● **Recorded information**

· · · ·

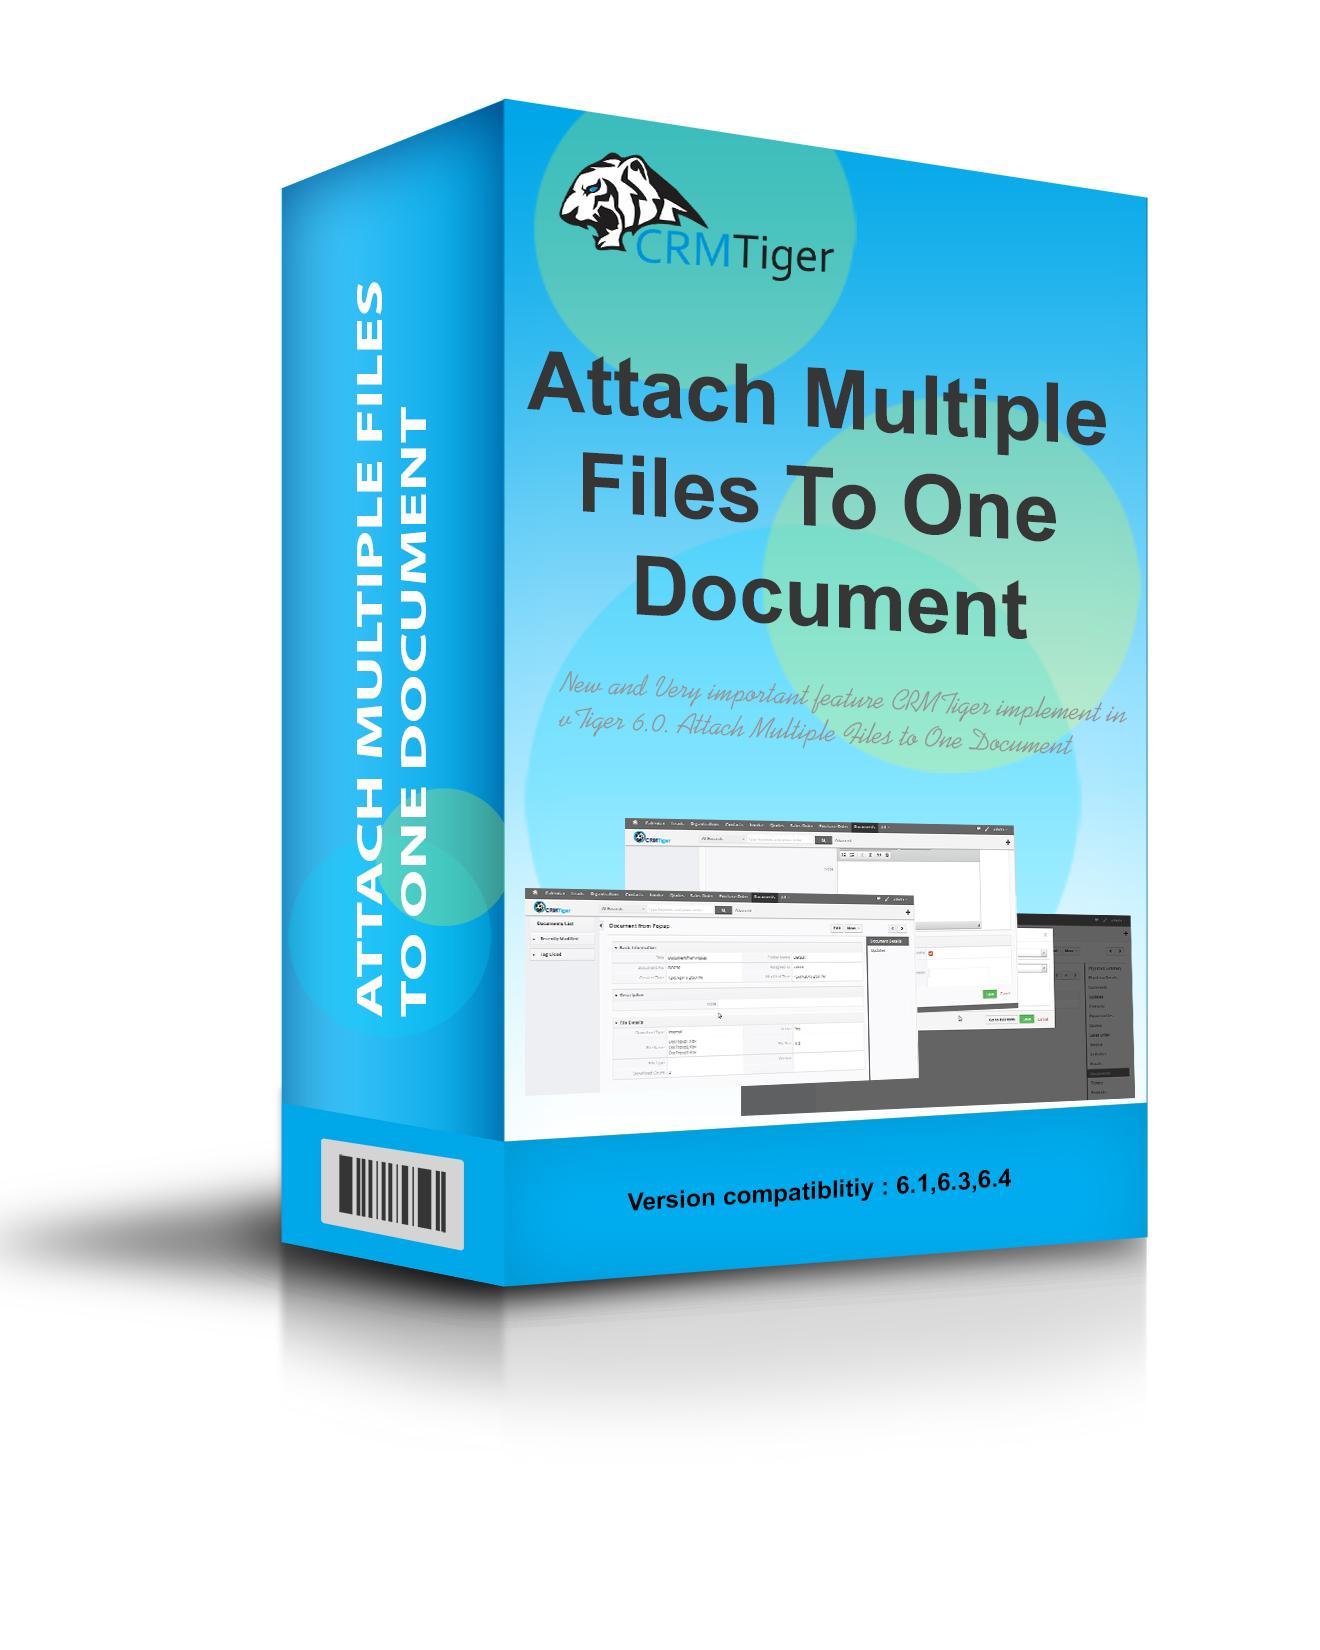 AttachMultipleFilesToOneDocument
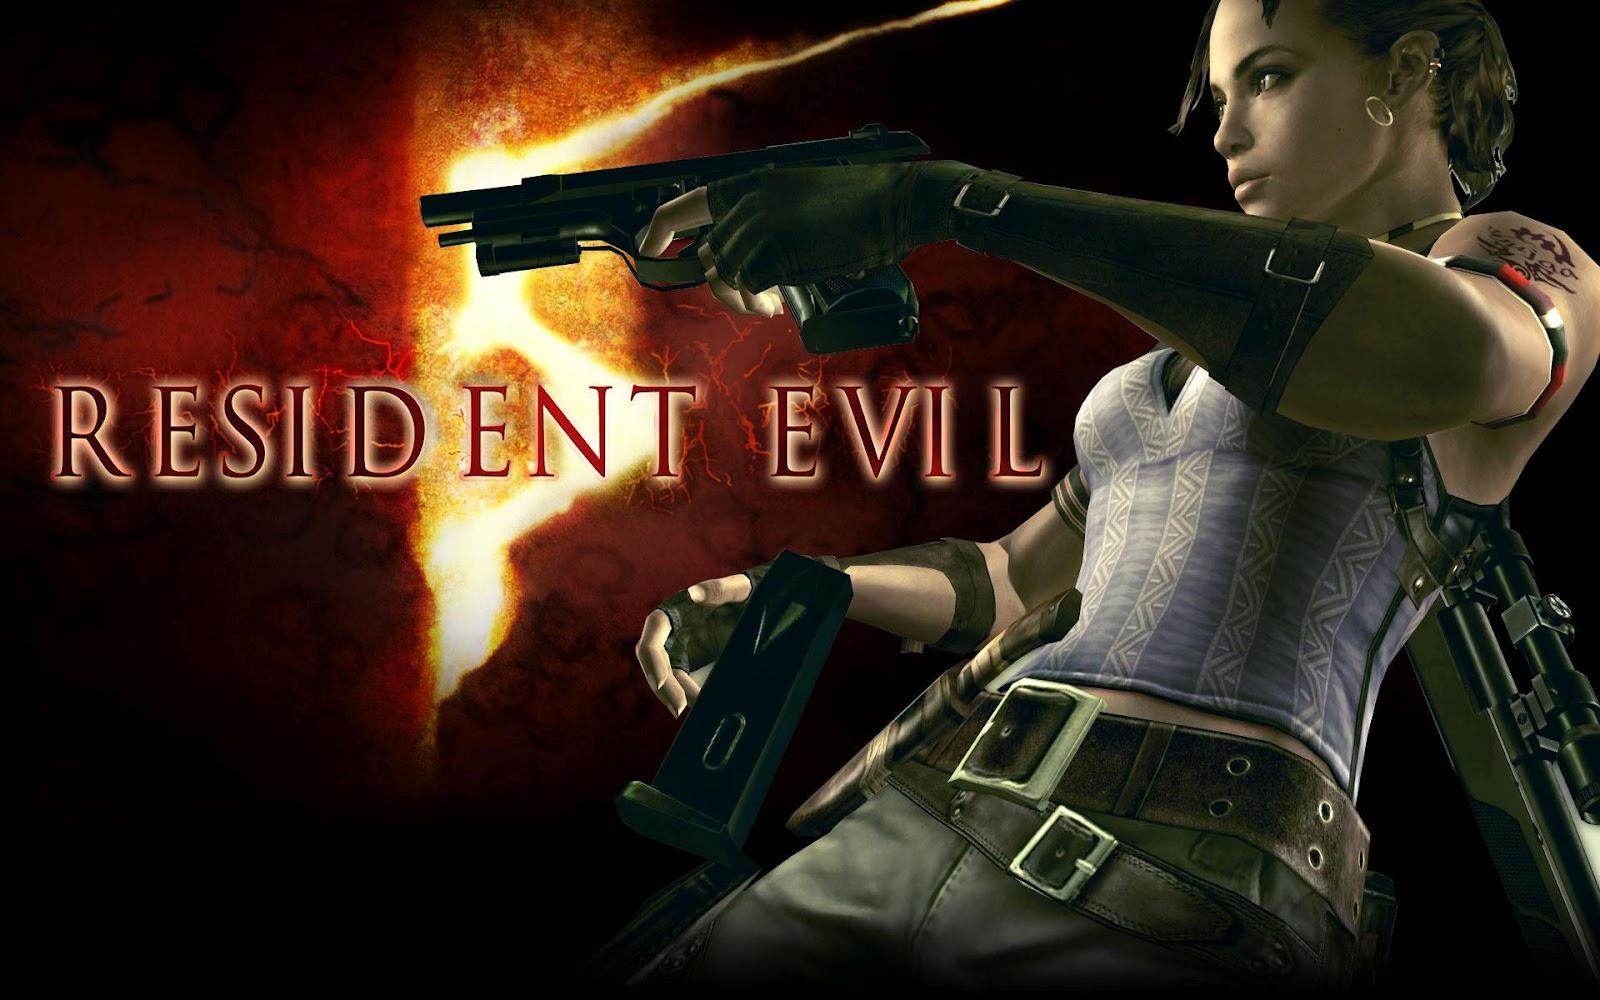 http://3.bp.blogspot.com/-AywgA3J1ooI/UDwwVUChPkI/AAAAAAAAAYA/vuvCuy4Zyc4/s1600/resident_evil_5_2-wide.jpg
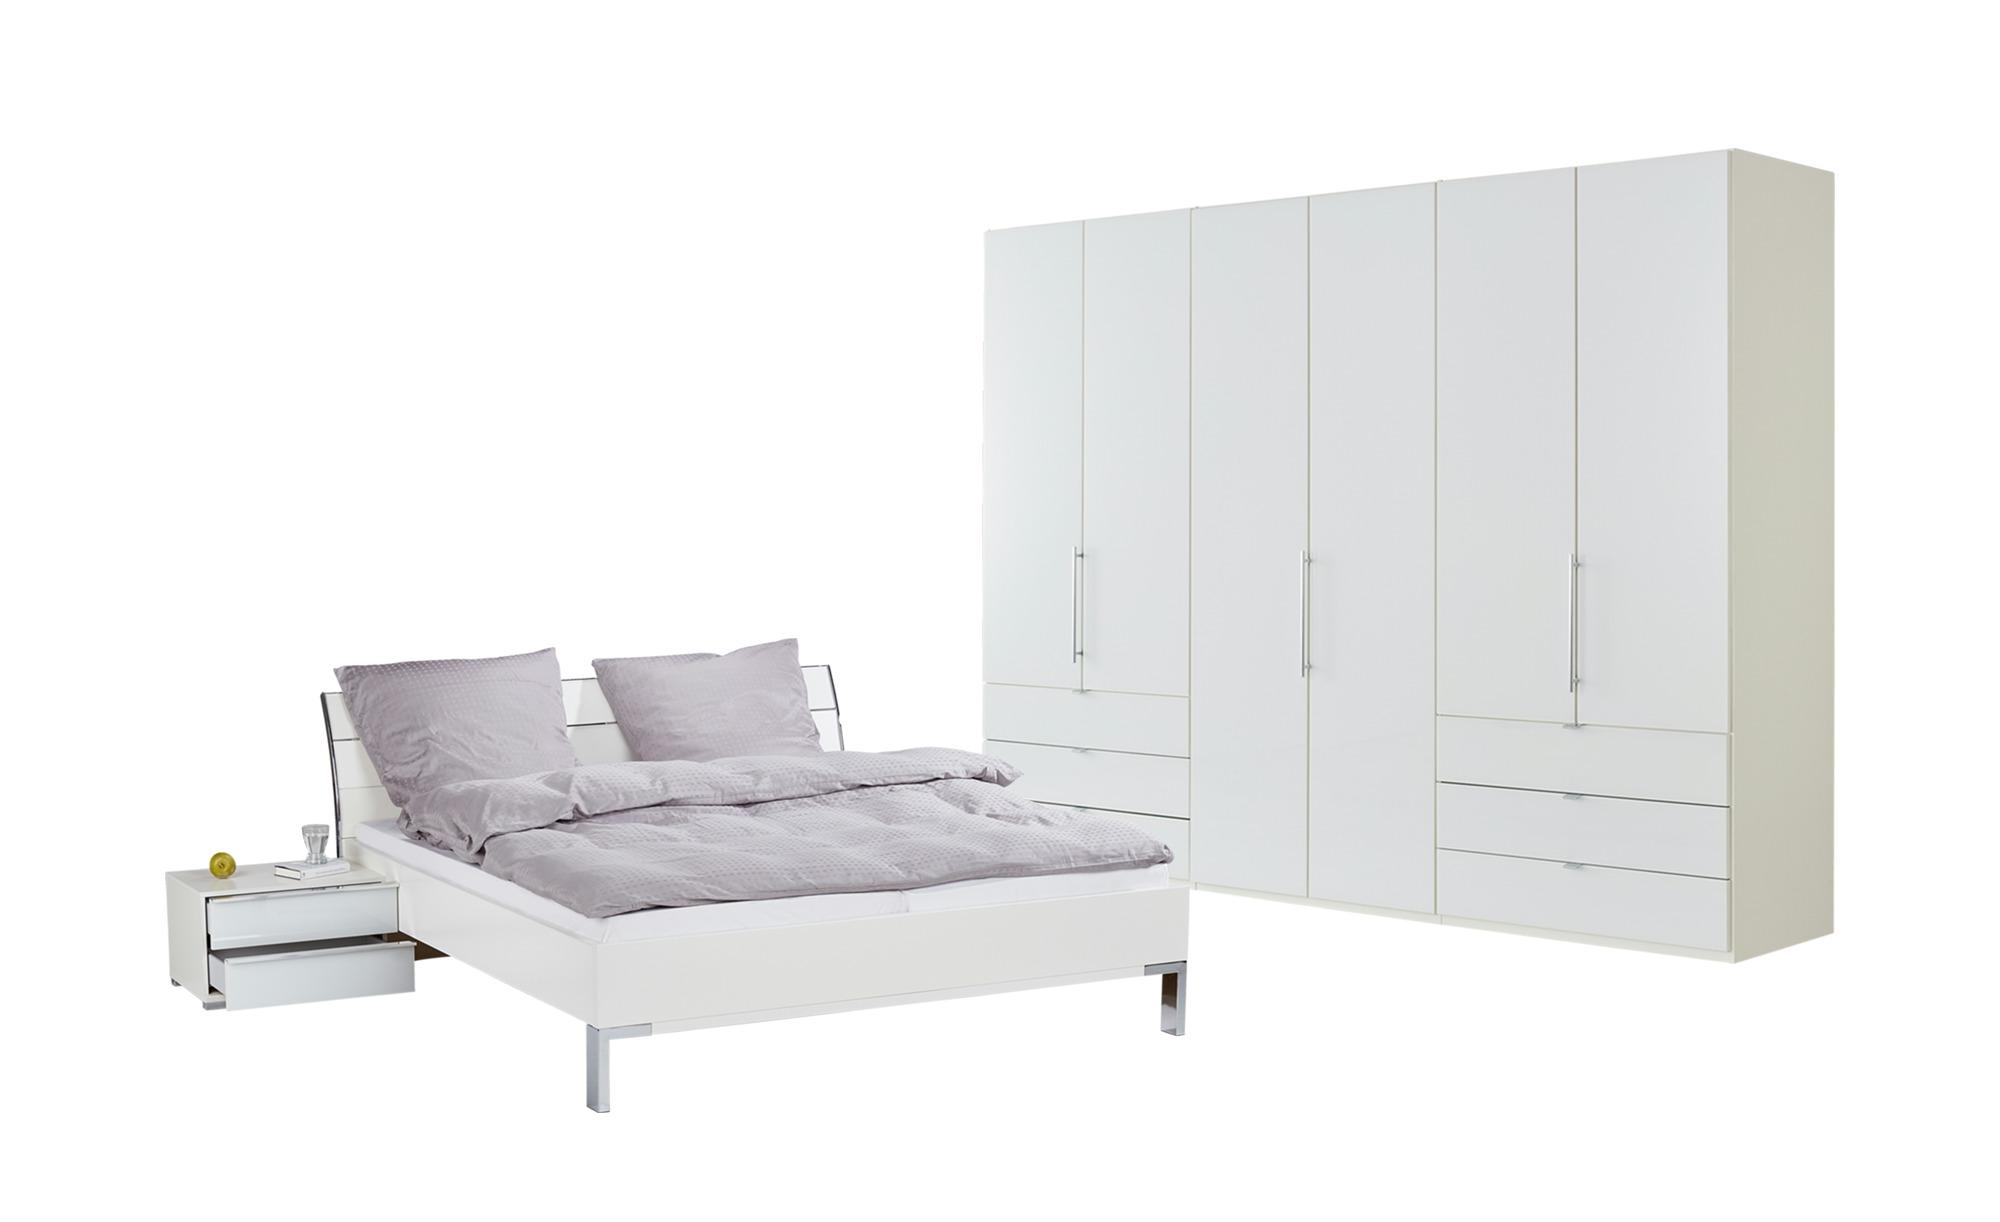 Komplett-Schlafzimmer 4-teilig Beda, gefunden bei Möbel Höffner

· · · ·

● **What this task involves**
Transcribe the full listing above exactly as it stands, minus the pictures.

● **Result for this task**
 AttachMultipleFilesToOneDocument
 http://3.bp.blogspot.com/-AywgA3J1ooI/UDwwVUChPkI/AAAAAAAAAYA/vuvCuy4Zyc4/s1600/resident_evil_5_2-wide.jpg
 Komplett-Schlafzimmer 4-teilig Beda, gefunden bei Möbel Höffner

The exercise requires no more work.